### ABOUT THIS EXERCISE
Leave the pictures out and return every line below exactly.

### SOURCE MATERIAL
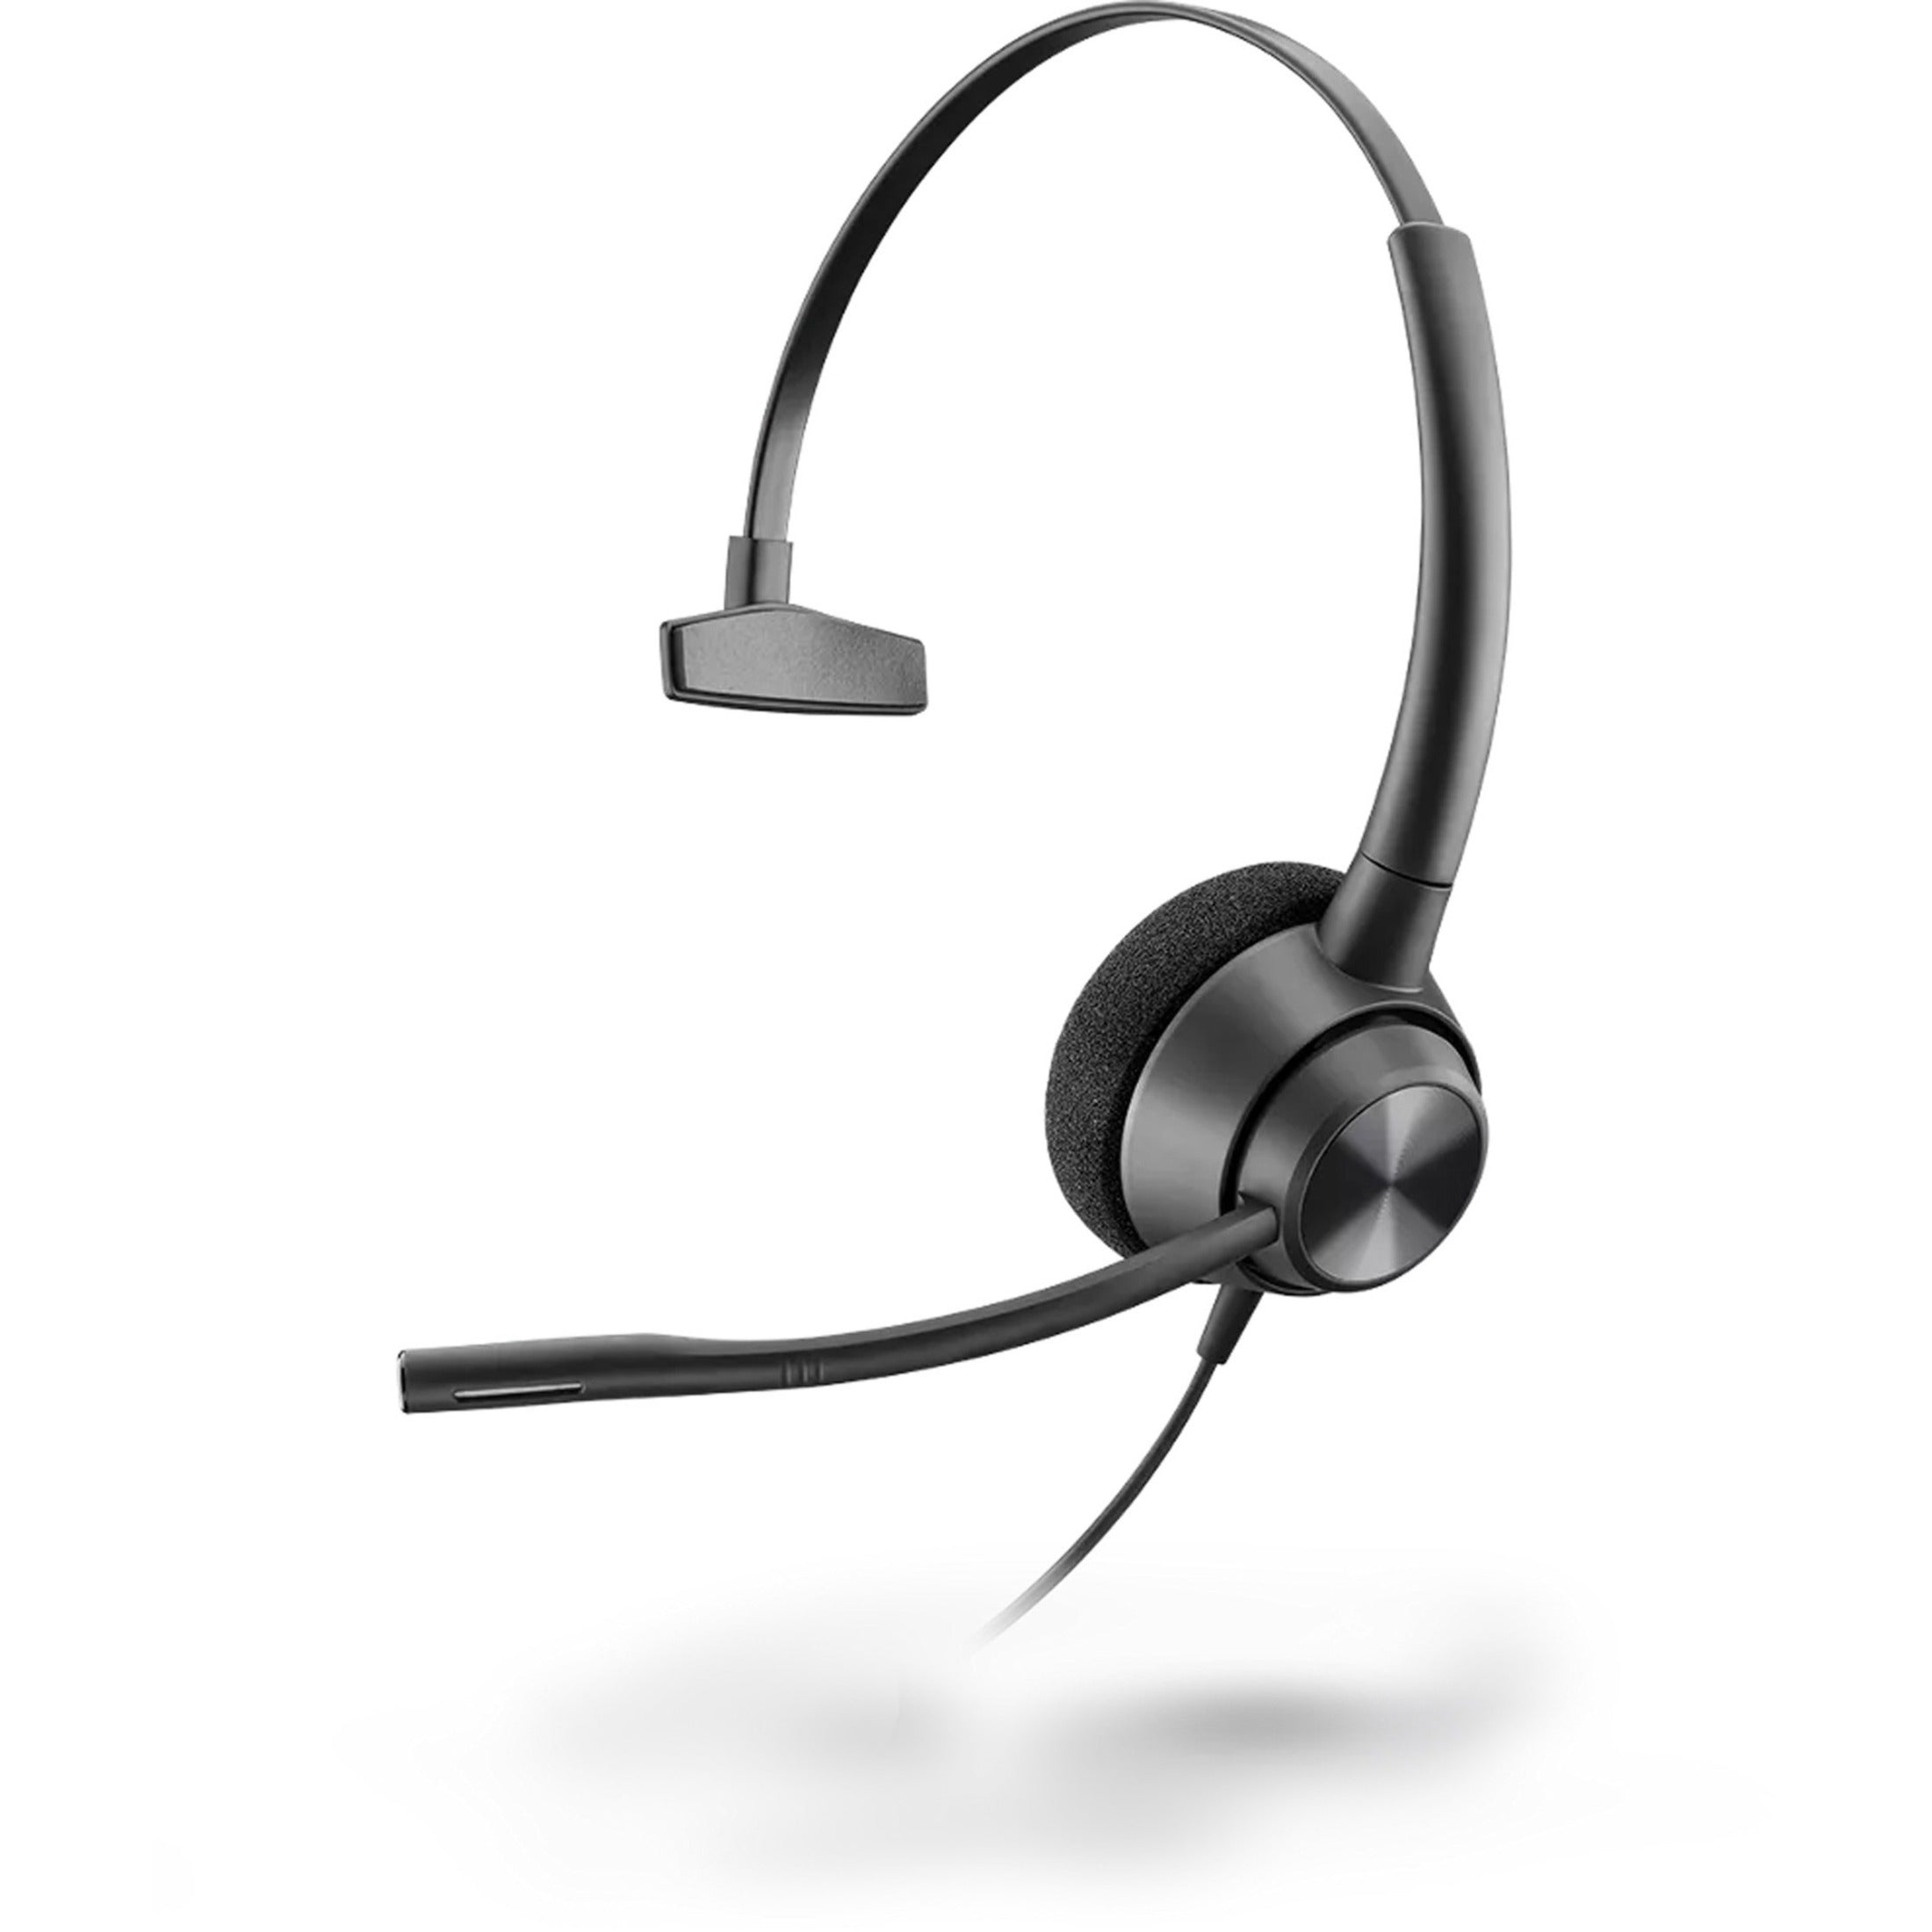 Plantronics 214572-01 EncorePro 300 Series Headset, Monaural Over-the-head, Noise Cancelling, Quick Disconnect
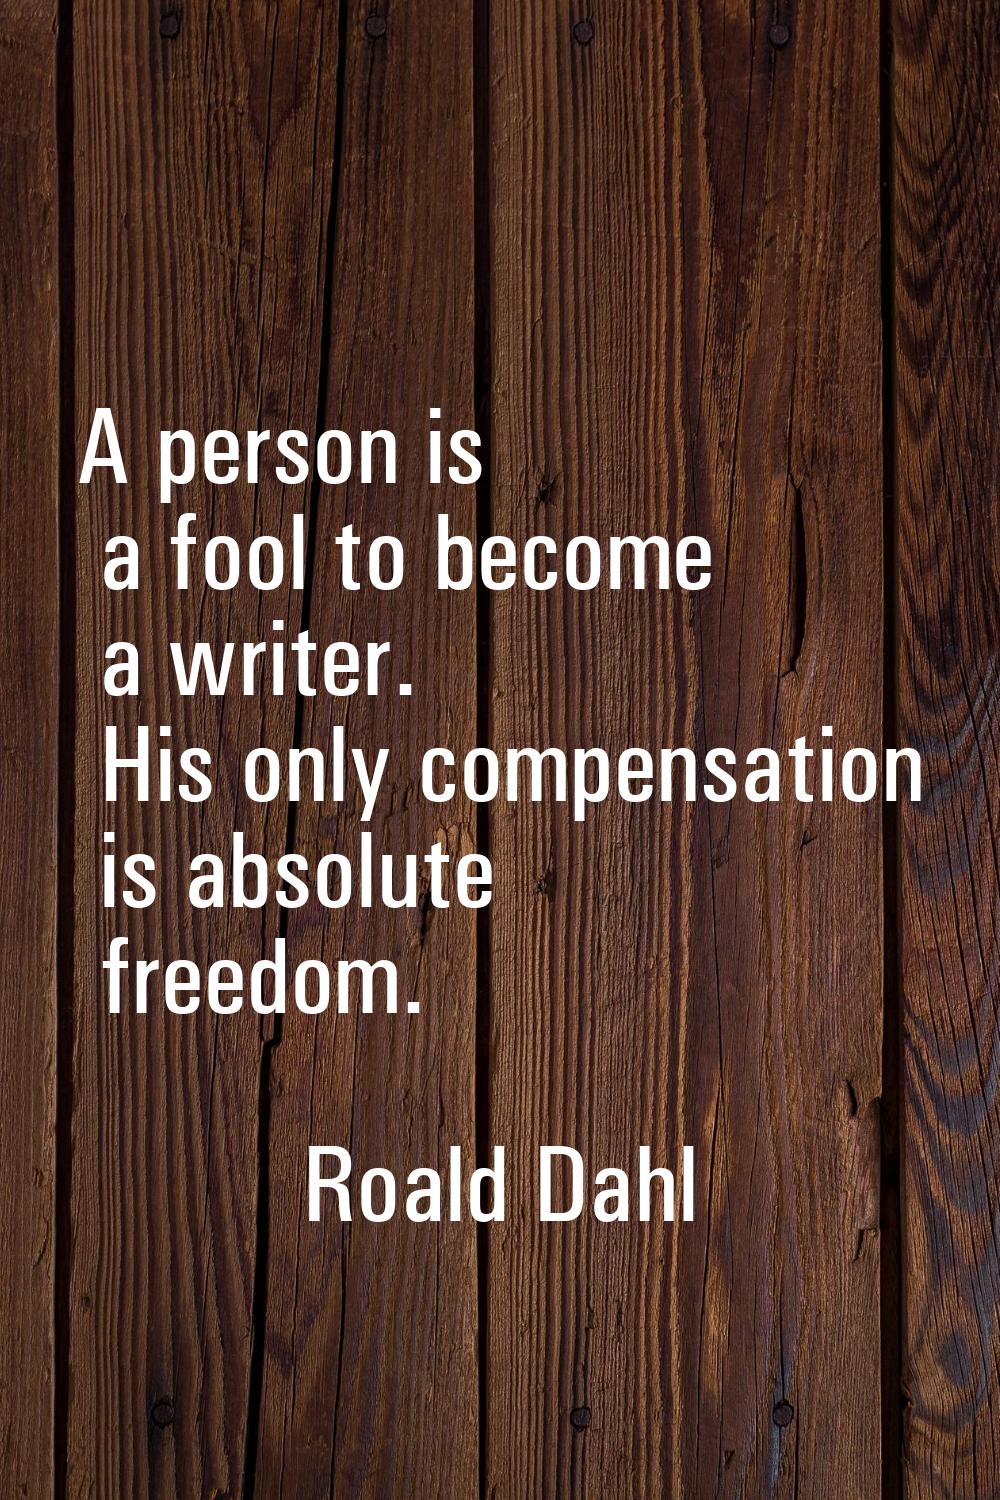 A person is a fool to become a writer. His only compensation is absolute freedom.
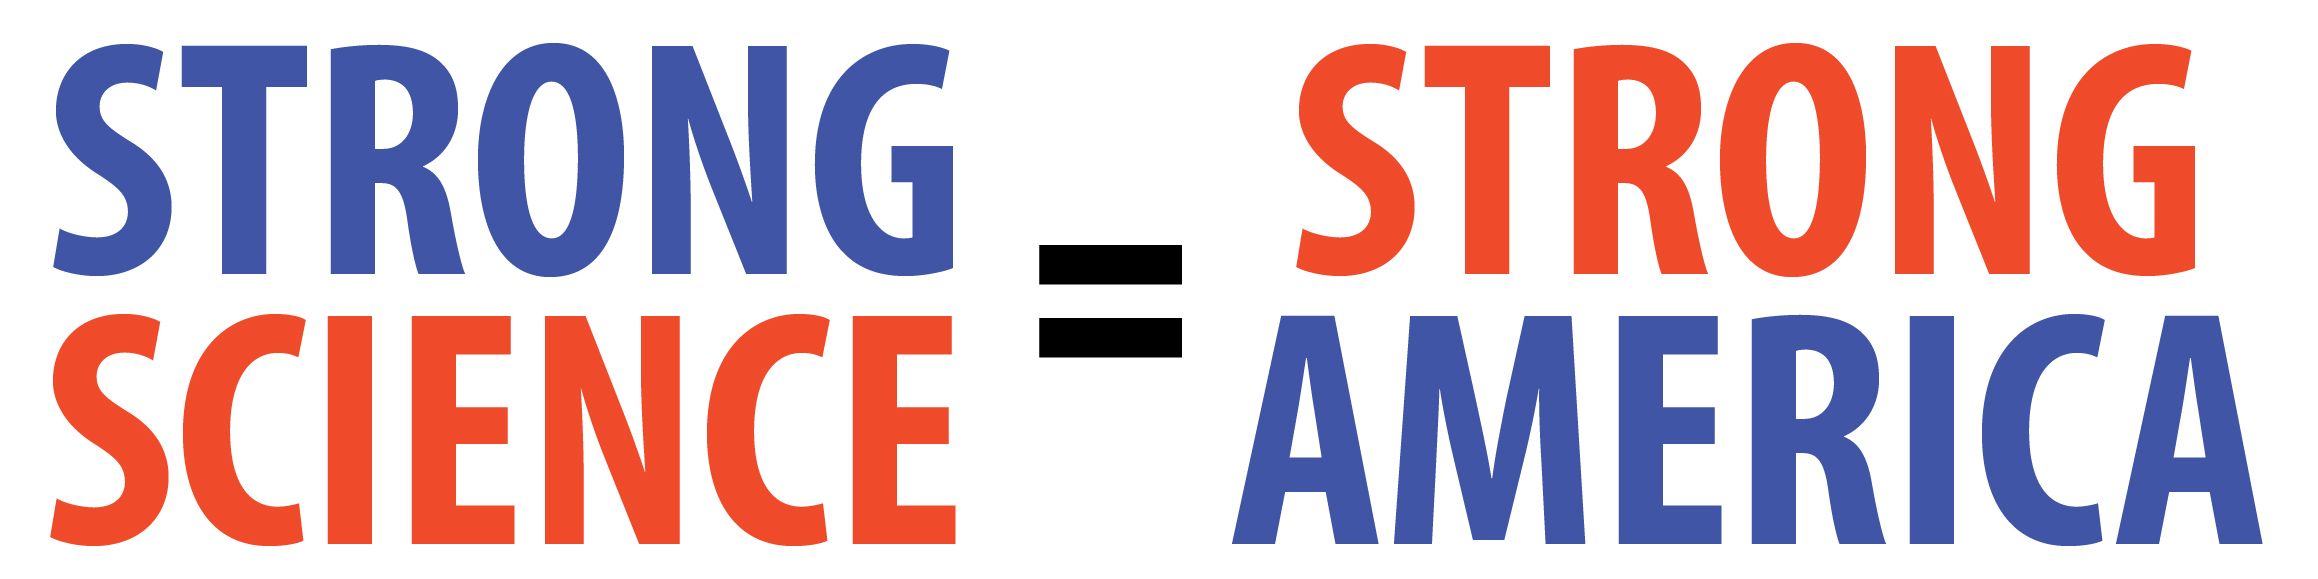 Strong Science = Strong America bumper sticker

### SOLUTION FOR THIS PROBLEM
 Plantronics 214572-01 EncorePro 300 Series Headset, Monaural Over-the-head, Noise Cancelling, Quick Disconnect
 A person is a fool to become a writer. His only compensation is absolute freedom.
 Strong Science = Strong America bumper sticker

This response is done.